The Centers for Disease Control and Prevention recommended last week that 5- to 11-year-olds receive booster doses if it’s been at least five months since their first two shots of the coronavirus vaccine. While this policy simplifies federal guidance — everyone 5 and older is now recommended to receive at least one booster — it doesn’t answer the pressing question on many parents’ minds: Should their child receive the booster now, or wait until the fall?
The answer is not straightforward, and the CDC’s blanket recommendation does not adequately address the nuances of boosting younger children.
On the one hand, there is growing evidence that the inoculations should be three-dose vaccines. Across all age groups, effectiveness against symptomatic infection after two doses wanes. In adults, effectiveness against severe illness also decreases over time. That effectiveness is restored after a third dose.
In studies of the 5- to 11-year-old age group, too few vaccinated individuals became severely ill to conclude that a third dose would further reduce hospitalization or death. However, a third dose substantially increased antibody levels, which, in all other age cohorts, correlated with protection against severe illness.

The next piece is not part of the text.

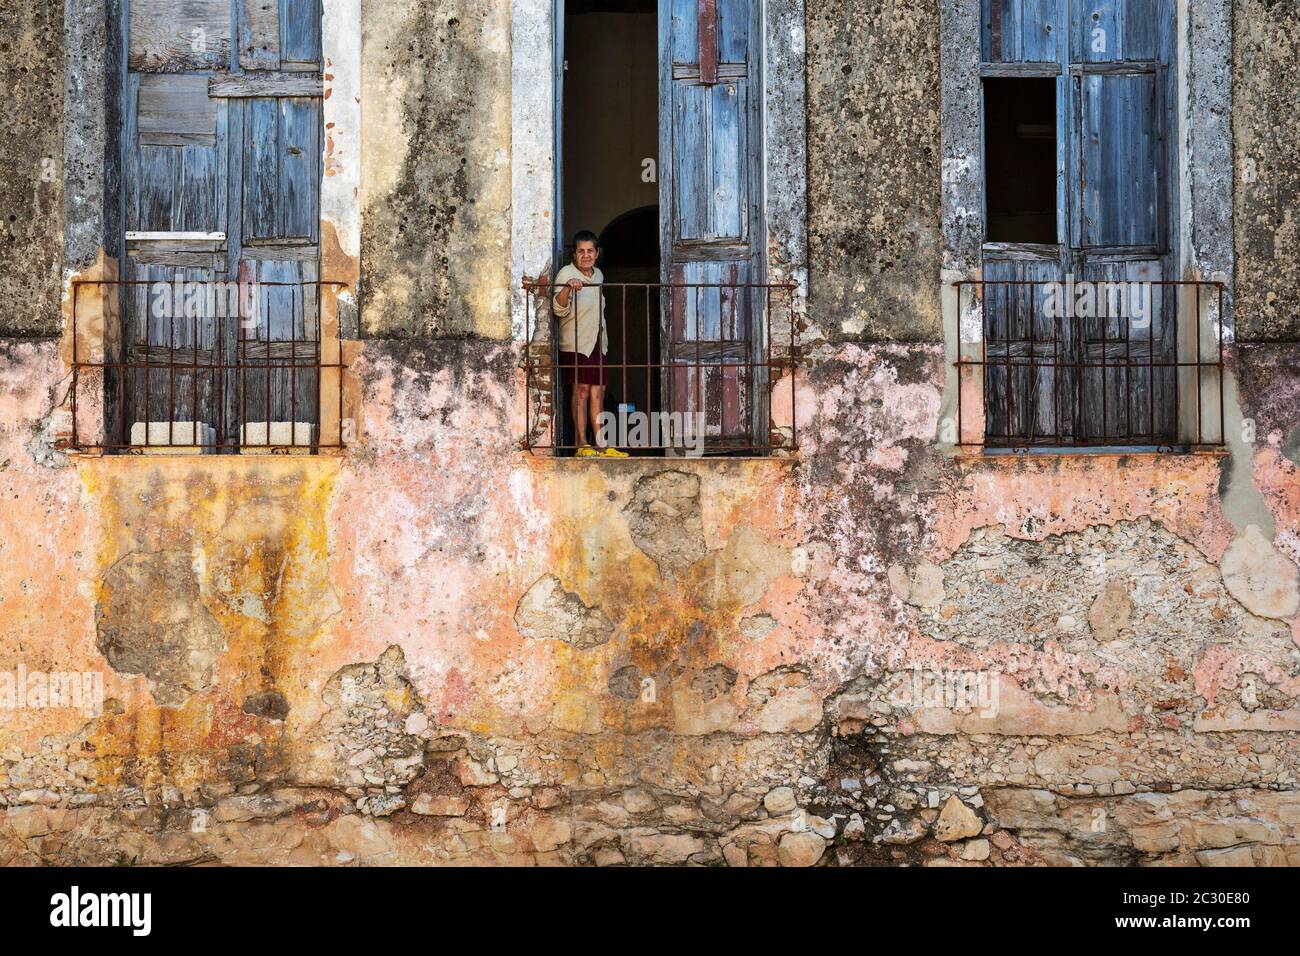 Colours, shapes and textures at the decayed facade of crumbling plaster and weathered wooden doors and windows, Gibara, Cuba Stock Photo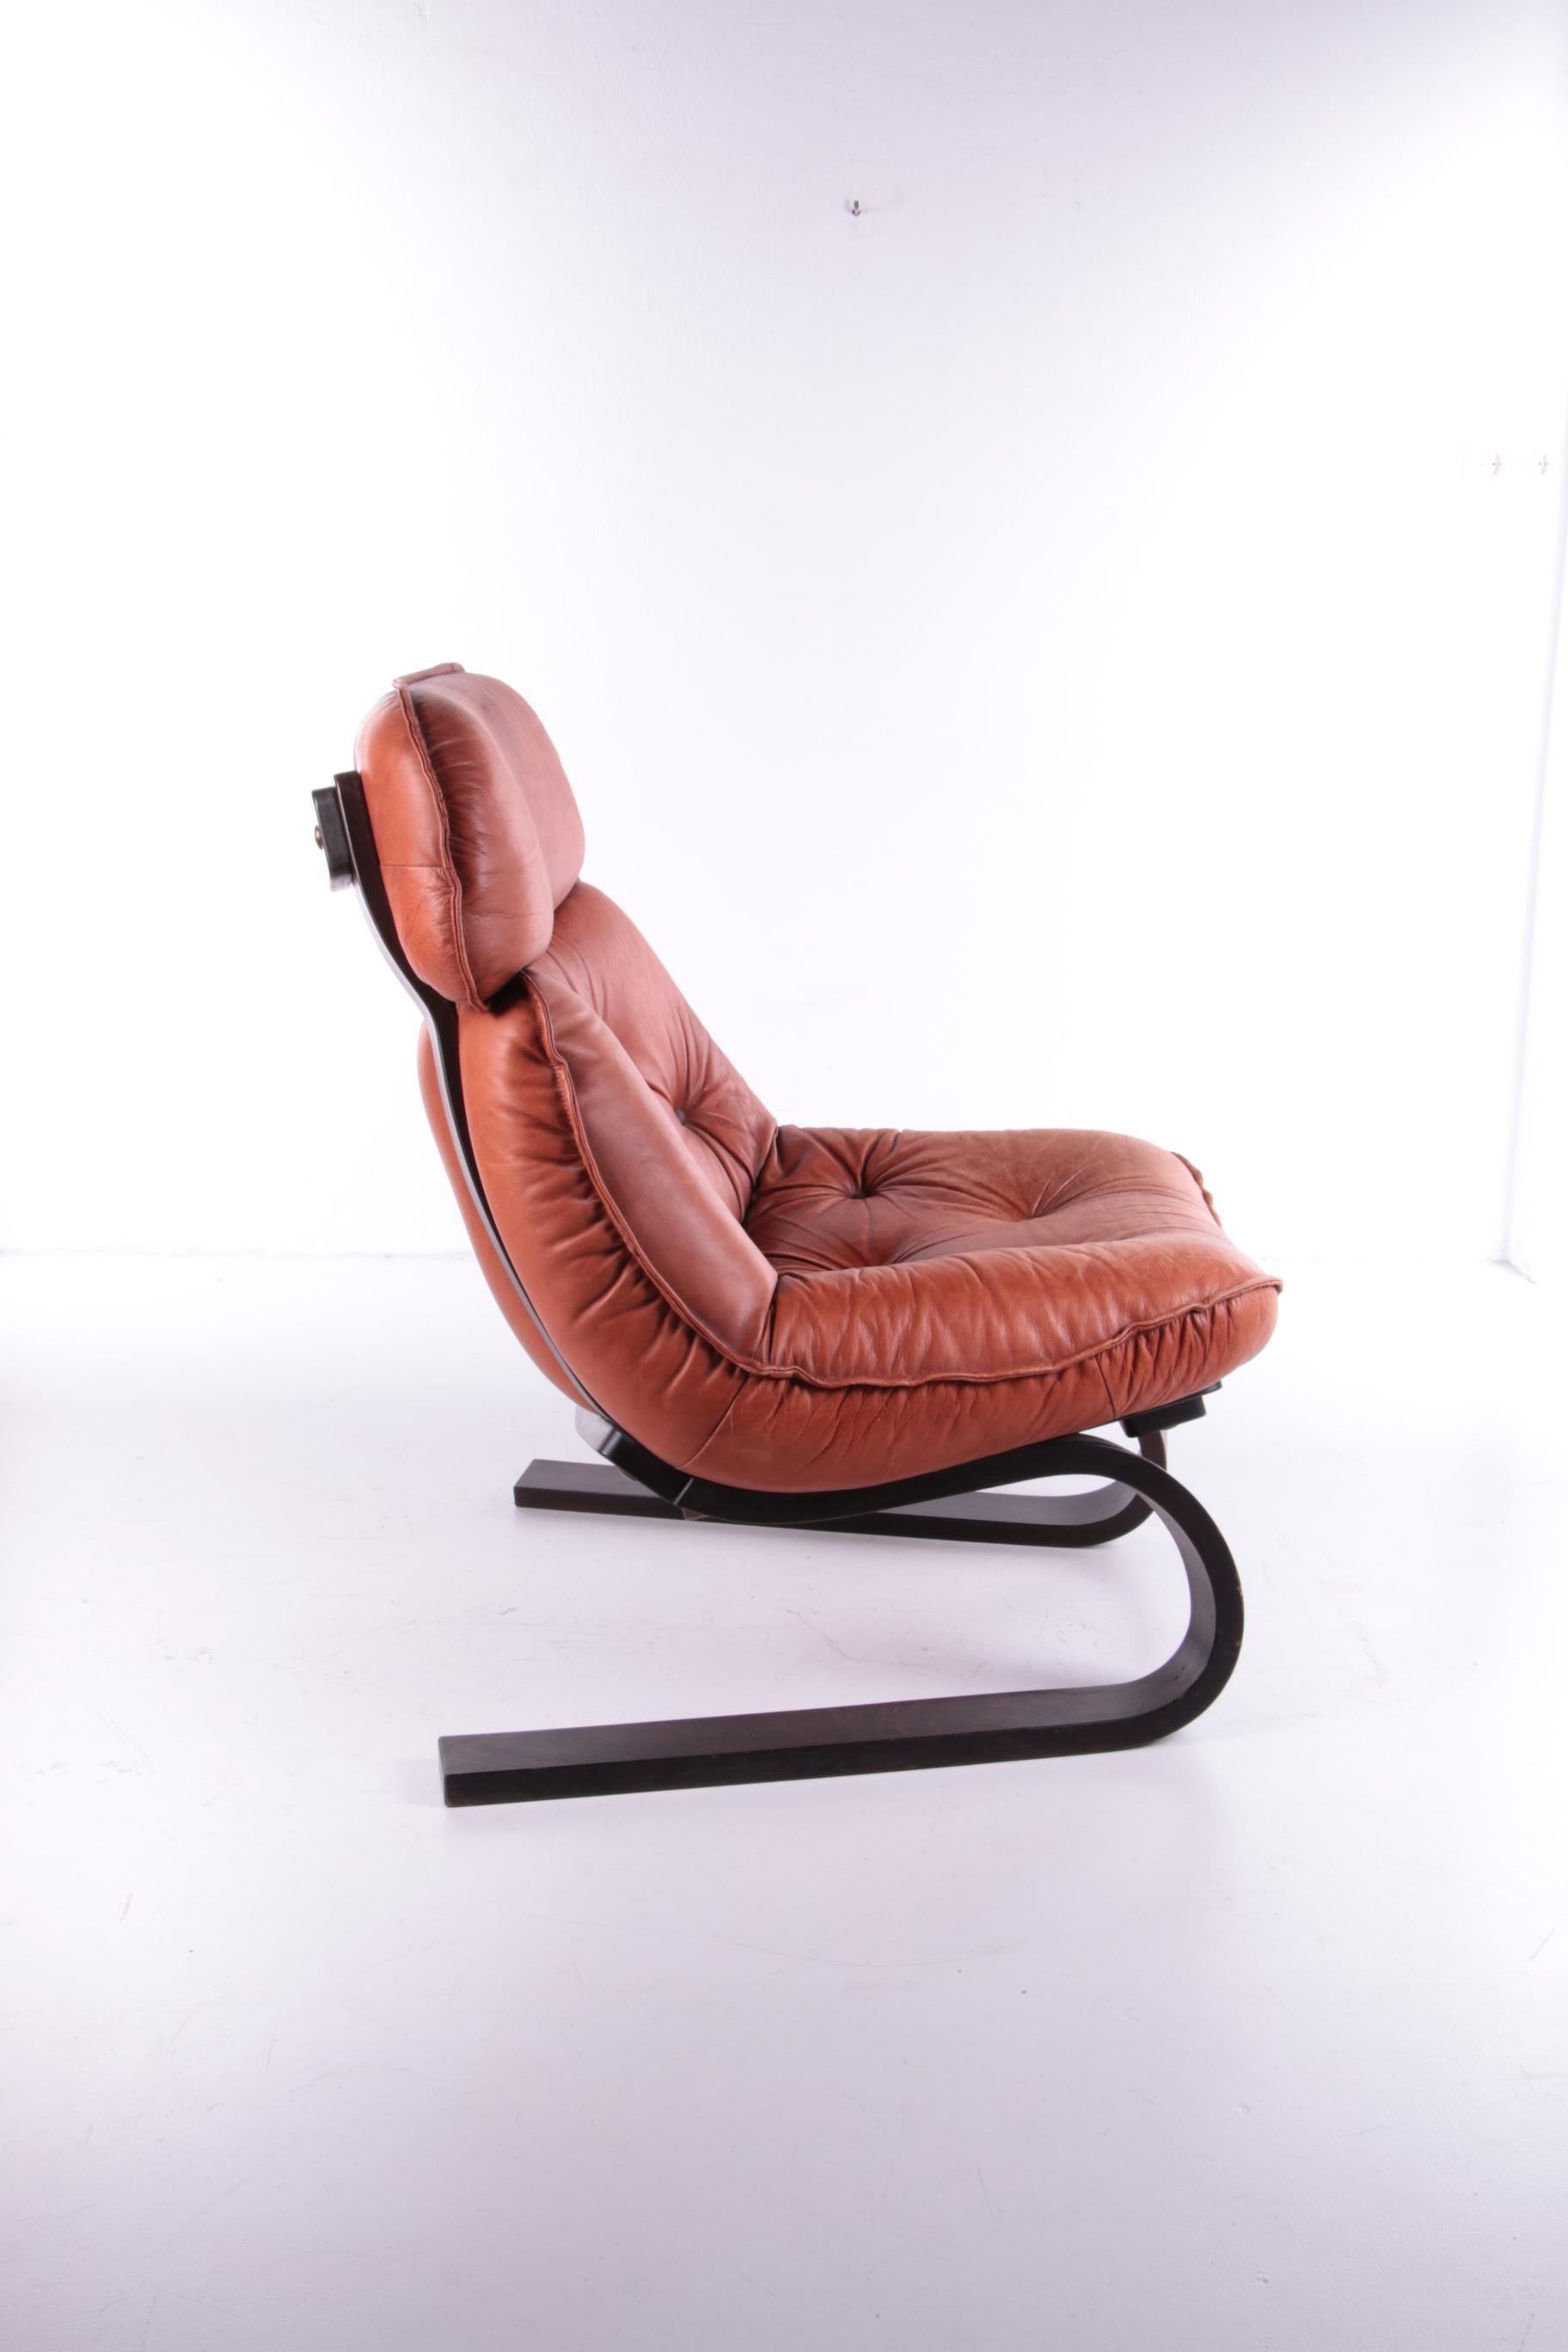 Mid-Century Modern Vintage Brazilian Armchair with Cognac Color Leather Seat Cushion, 70s For Sale

If these vaccines are meant to be three-dose vaccines anyway, one could argue the CDC might as well recommend the booster across the board to reduce confusion. Interestingly, an internal CDC work group initially proposed alternate language: That people ages 12 and over “should” receive the booster but that children ages 5-11 “may” get it. Ultimately, CDC’s external advisers chose “should” over “may” for younger kids, in large part to align the recommendation with other age groups.
I understand their rationale, but this “should” recommendation is not at the same level of certainty as other vaccine guidance. It’s clear that all adults should receive their first booster. Adults need at least three doses for optimal protection against severe disease, especially against the omicron sub-variants. It’s also clear that children need their primary series of two doses; 87 percent of children hospitalized during the omicron wave were unvaccinated.
But we don’t have a study that shows a third dose is needed for 5- to 11-year-olds to reduce severe illness. A third dose decreases their risk of symptomatic infection, but that protection is likely short-lived, on the order of weeks to months. If we’re saying younger kids should get vaccinated now, what happens if their immunity decreases after the summer? Should they all receive a second booster then, and at what frequency going forward?
That brings up the issue of timing. For older adults and those with serious medical conditions, additional boosters are needed now — during this new surge of infections — to prevent the most vulnerable from becoming seriously ill and dying. Such a rationale might also apply to younger children with underlying medical diseases, but parents of generally healthy kids might ask whether it makes sense to wait until the fall. By then, there might be data to show that immunity against severe disease is waning, making the case for the booster more compelling. There could also be variant-specific boosters available.
The CDC also leaves out another key consideration: According to their own estimates, based on blood testing for infection-induced antibodies, 77 percent of 5- to 11-year-olds have already contracted covid-19. Could a recent infection “count” as a booster?
Here’s what I would offer parents who want to tailor the CDC’s guidance to their own circumstances. Children with chronic medical conditions should opt for their first booster dose now. Immunocompromised children have already been eligible for their third dose. They are newly eligible for their fourth and should receive it five months after their third dose.
Kids who live at home with high-risk adults should probably also get their booster sooner rather than later, not primarily to protect themselves but the people they live with. Parents who have held off on certain activities for their children for fear of the coronavirus might also choose to boost sooner if it allows for a greater degree of normalcy.
On the other hand, kids who have recently been infected with covid-19 can probably hold off on their booster. The risk of reinfection is low in the short-term, and people with recent infection could safely delay their booster for at least three months. Families who are vaccinating to prevent severe disease rather than any illness may also make a reasonable decision to hold off for now.
At the end of the day, boosting this age group is tinkering around the edges, while other priorities are far more urgent. About half of adults eligible for their first booster have not yet received them, including 30 percent of those 65 and over. Less than 29 percent of 5- to 11-year-olds have received their first two doses. Public health efforts should prioritize increasing booster uptake for the most vulnerable and vaccinating the unvaccinated.